**Work order**
In the listing that follows, the lines starting at the one containing "Discus Fish Stock Photos" and ending at the one containing "Modern xmas trees" are to be returned exactly, both boundary lines included, and no others.

**Supplied material**
#####
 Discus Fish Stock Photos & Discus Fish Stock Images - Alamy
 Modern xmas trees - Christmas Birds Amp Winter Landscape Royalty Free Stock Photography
#####
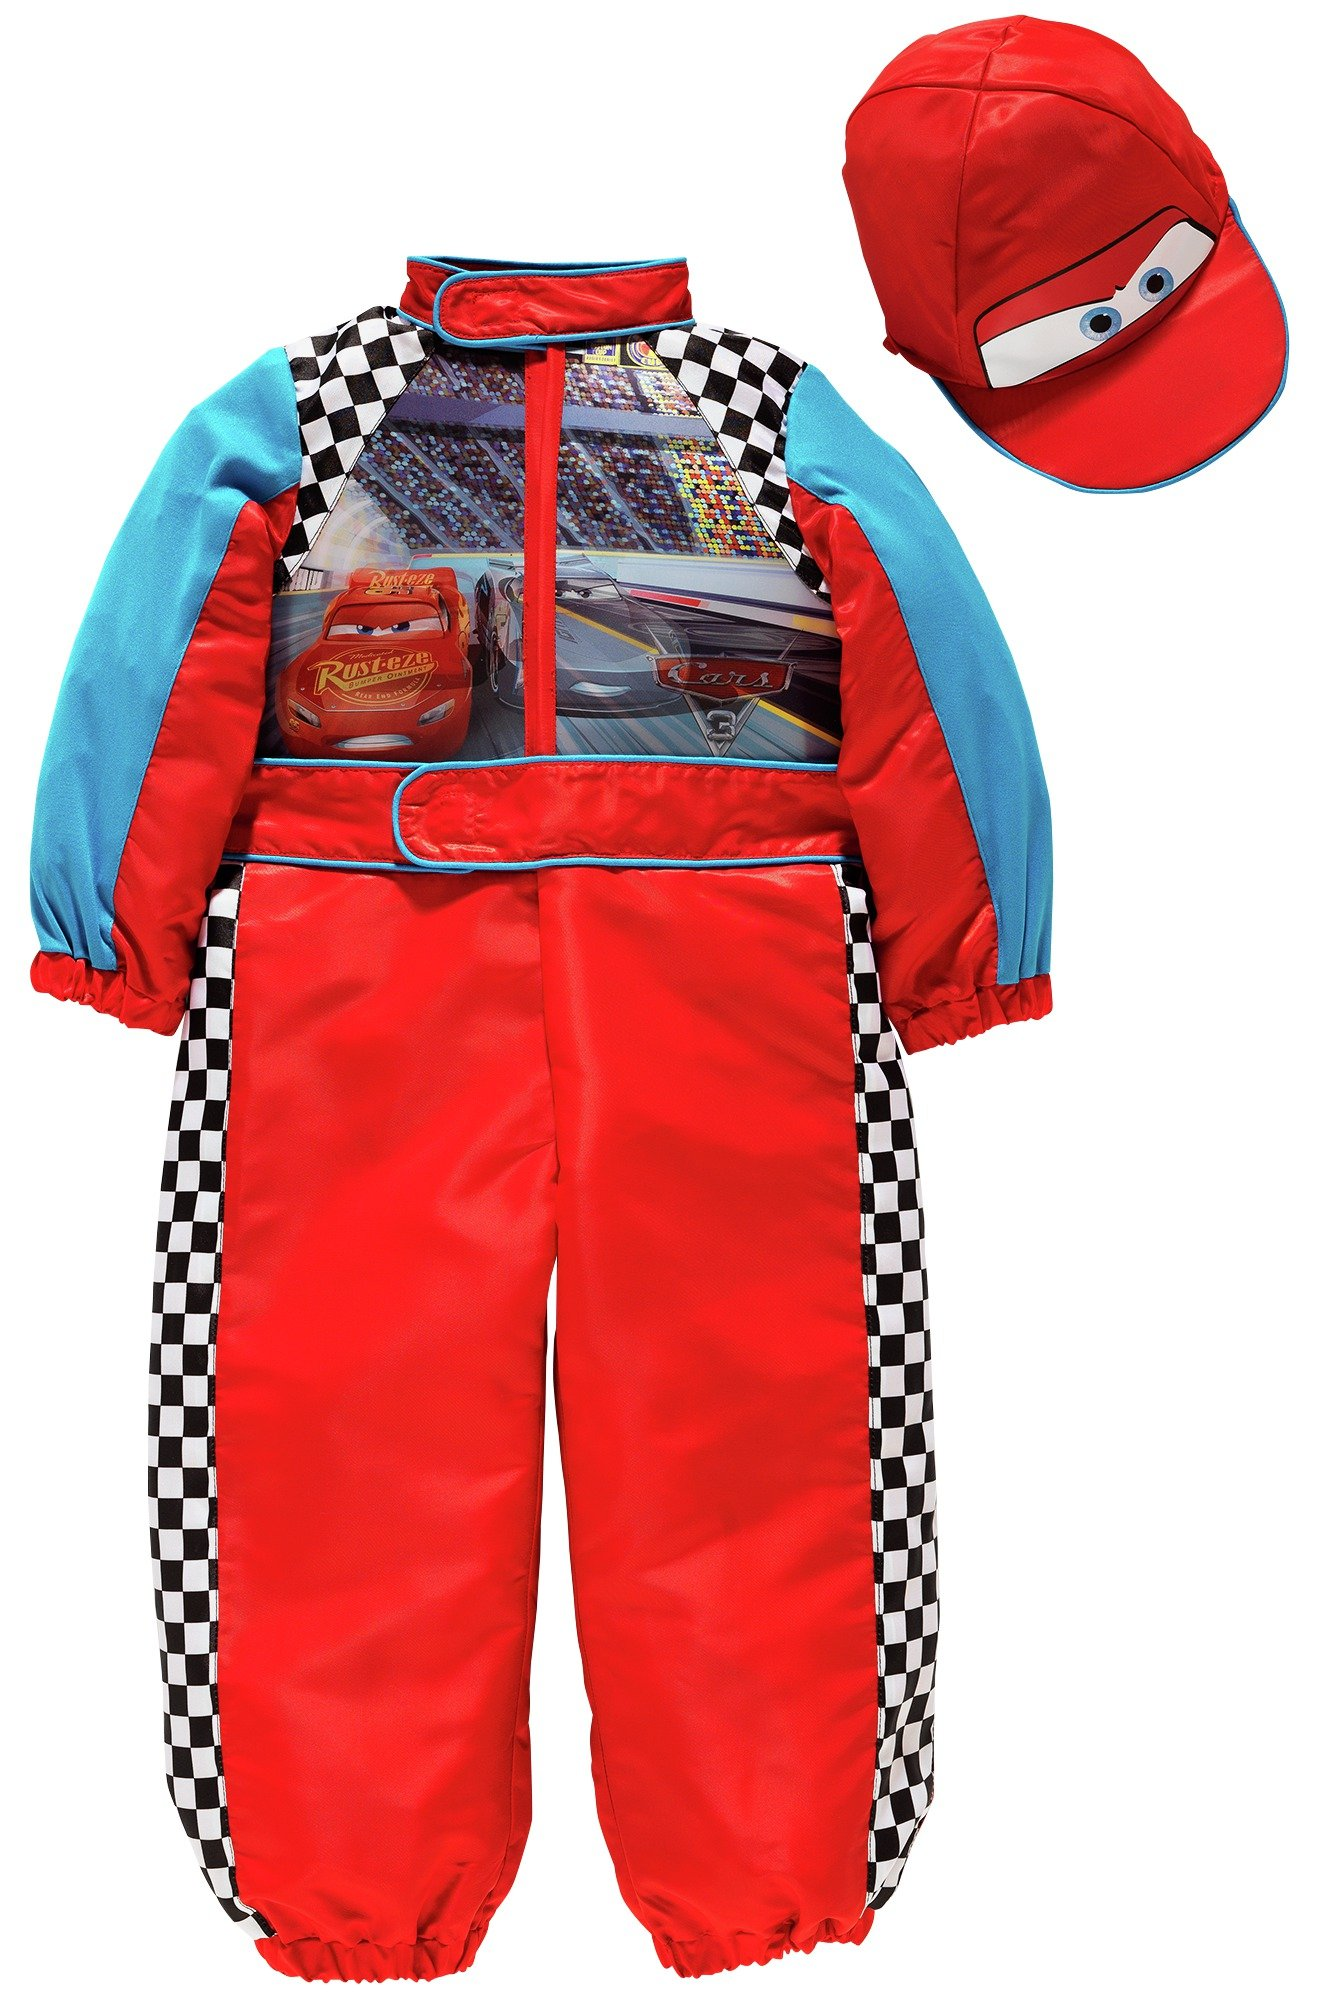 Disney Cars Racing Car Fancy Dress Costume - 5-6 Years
#####
**Output**
 Discus Fish Stock Photos & Discus Fish Stock Images - Alamy
 Modern xmas trees - Christmas Birds Amp Winter Landscape Royalty Free Stock Photography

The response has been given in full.